Centri detenzione Libia – Da quando il governo italiano ha impedito alle navi umanitarie che operavano nel Mediterraneo di far sbarcare i migranti salvati in mare sulle sue coste, un anno fa, più di 10mila persone hanno provato comunque a fuggire dalla Libia, e in questo tentativo 1.151 hanno perso la vita.

L’Italia dei porti chiusi ha causato la morte di almeno mille uomini, donne e bambini

Gli altri sono stati riportati indietro dalla cosiddetta guardia costiera libica, proprio nei luoghi in cui le torture e le pratiche disumane nei confronti delle persone sono all’ordine del giorno, nei centri di detenzione.

Ma chi controlla veramente i centri e rende la vita al loro interno un inferno, al punto che i detenuti preferiscono rischiare la morte in mare pur di non restarci dentro?

Secondo quanto riporta un portavoce della Libyan Organization for Human Rights (Lohr), una Ong che dal 2012 si occupa di monitorare quotidianamente quello che succede in 17 dei circa 34 centri di detenzione presenti in tutto il Paese, i guardiani e gli operatori dei centri sono Katiba, civili che hanno impugnato le armi dopo la caduta di Muammar Gheddafi, hanno iniziato a gestire la presenza dei migranti in Libia in modo informale e sono stati poi inglobati nel corpo amministrativo del governo.

Quest’ultimo sarebbe, infatti, ufficialmente responsabile dei centri attraverso il Dipartimento per il contrasto all’immigrazione illegale del ministero dell’Interno (Dcim) ma, di fatto, non può e non riesce a imporre alcuna regola al loro interno.

Vicini alle milizie locali del Paese, i responsabili dei centri hanno rapporti con i funzionari del ministero, sono pagati dal governo, ma liberi dall’effettivo controllo statale. Godono di un potere incontrastato, e impongono violenza, sfruttamento e ogni tipo di tortura o abuso in modo indiscriminato.

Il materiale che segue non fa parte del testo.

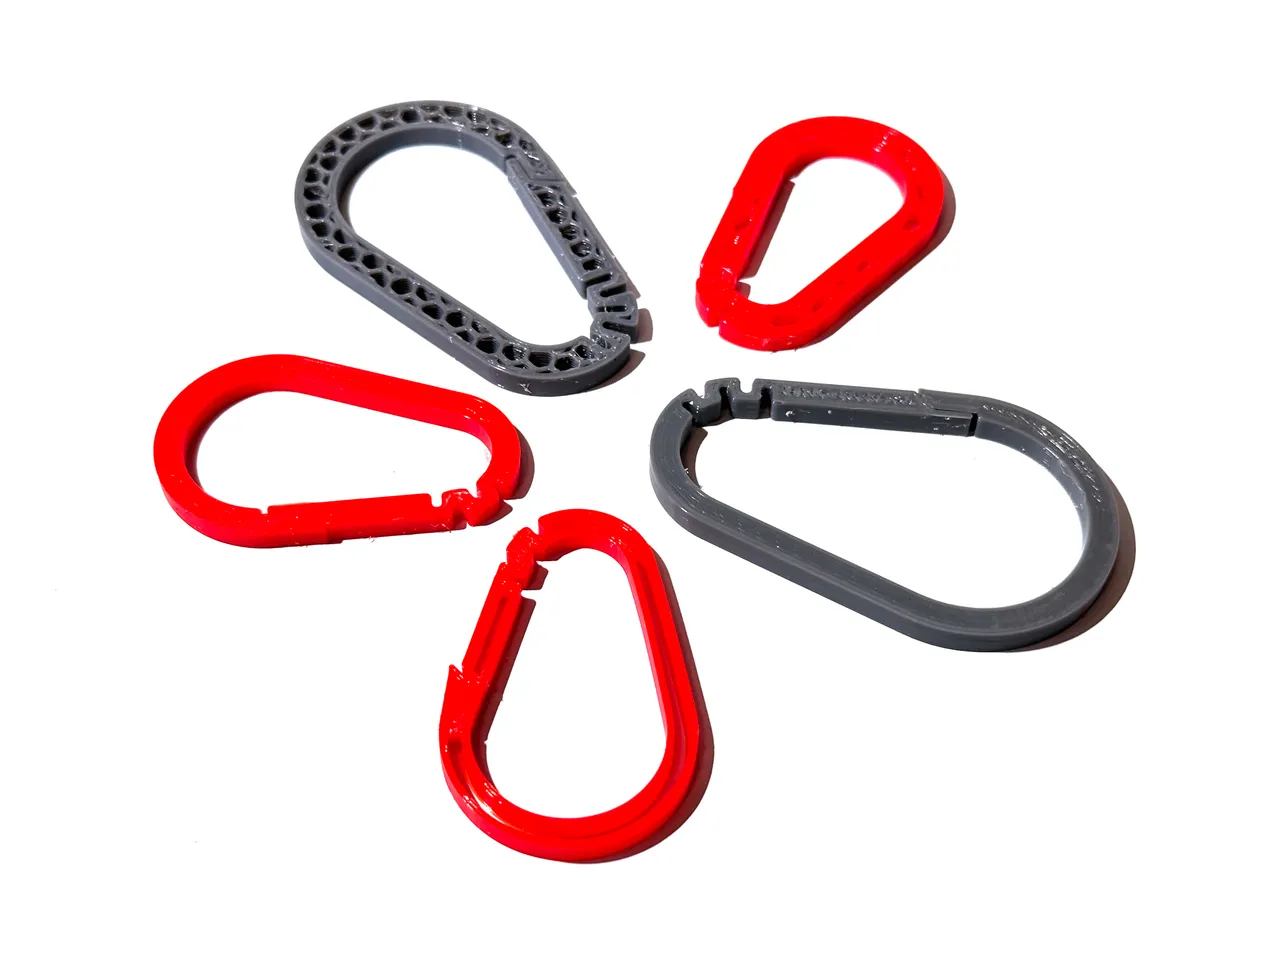 Simple Carabiner Clips - Style them your way! by GlennovitS 3D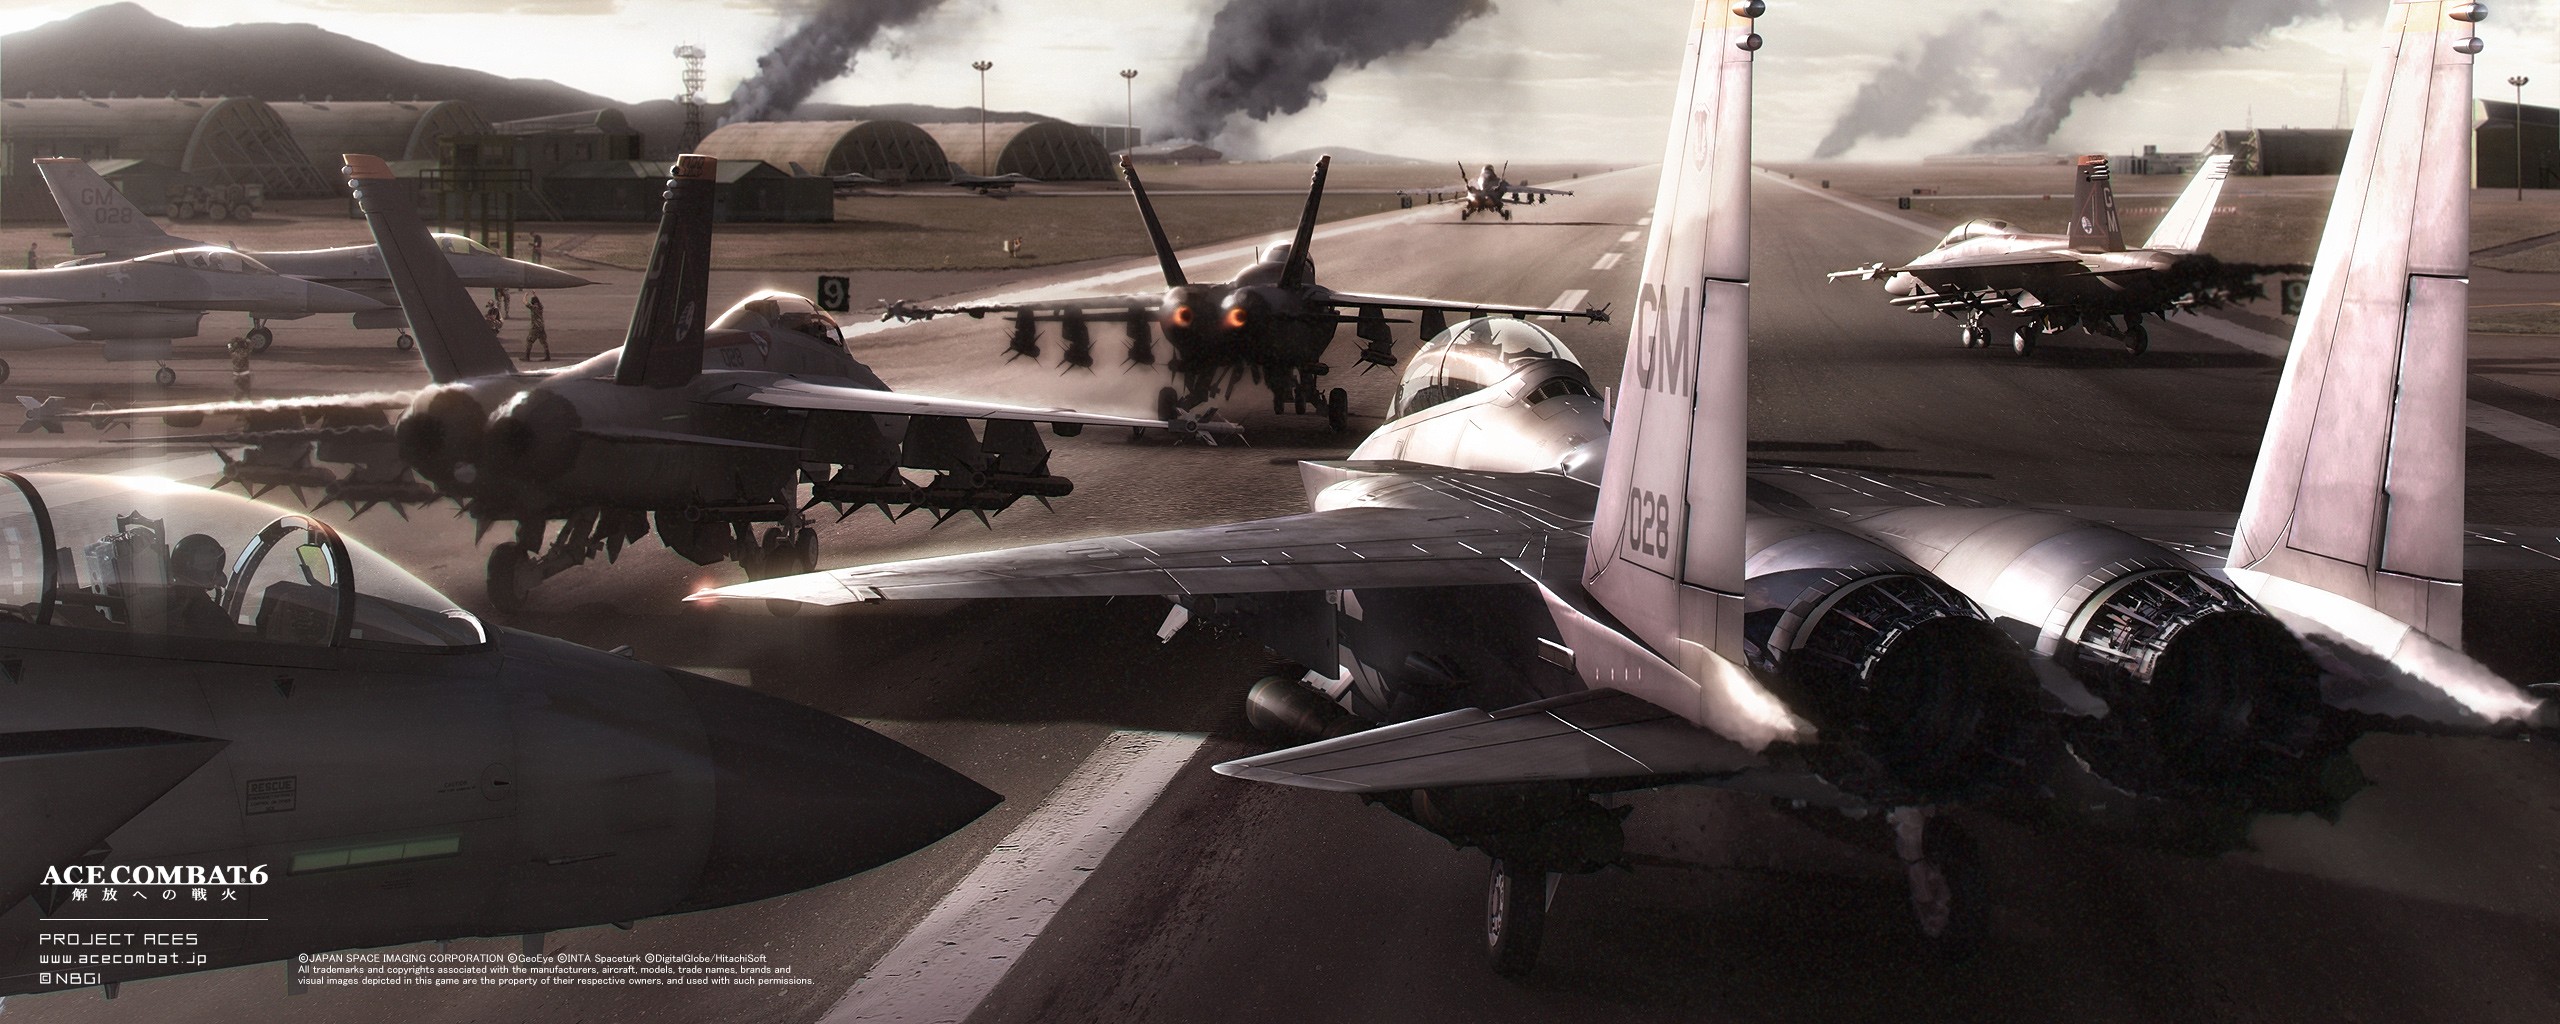 Ace Combat 6: Fires Of Liberation, Video Games, Aircraft, F 15 Strike Eagle, FA 18 Hornet, General Dynamics F 16 Fighting Falcon, Runway Wallpaper

“Fino a qualche mese fa era attivo un centro a ovest di Tripoli, quello di Sormon, controllato da un militare e gestito da un civile affiliato alla milizia locale. Qui ci vivevano 220 donne e 25 bambini. Lo sfruttamento sessuale era una politica sistematica, facilmente rilevabile al più ingenuo degli osservatori. Solo ospiti sub-sahriane, minorenni e in buona salute”, racconta l’attivista della Lohr, che descrive scene in cui le donne venivano condotte di sera in una tenda allestita vicina al centro, adornata di narghilè, per intrattenere alcuni ospiti.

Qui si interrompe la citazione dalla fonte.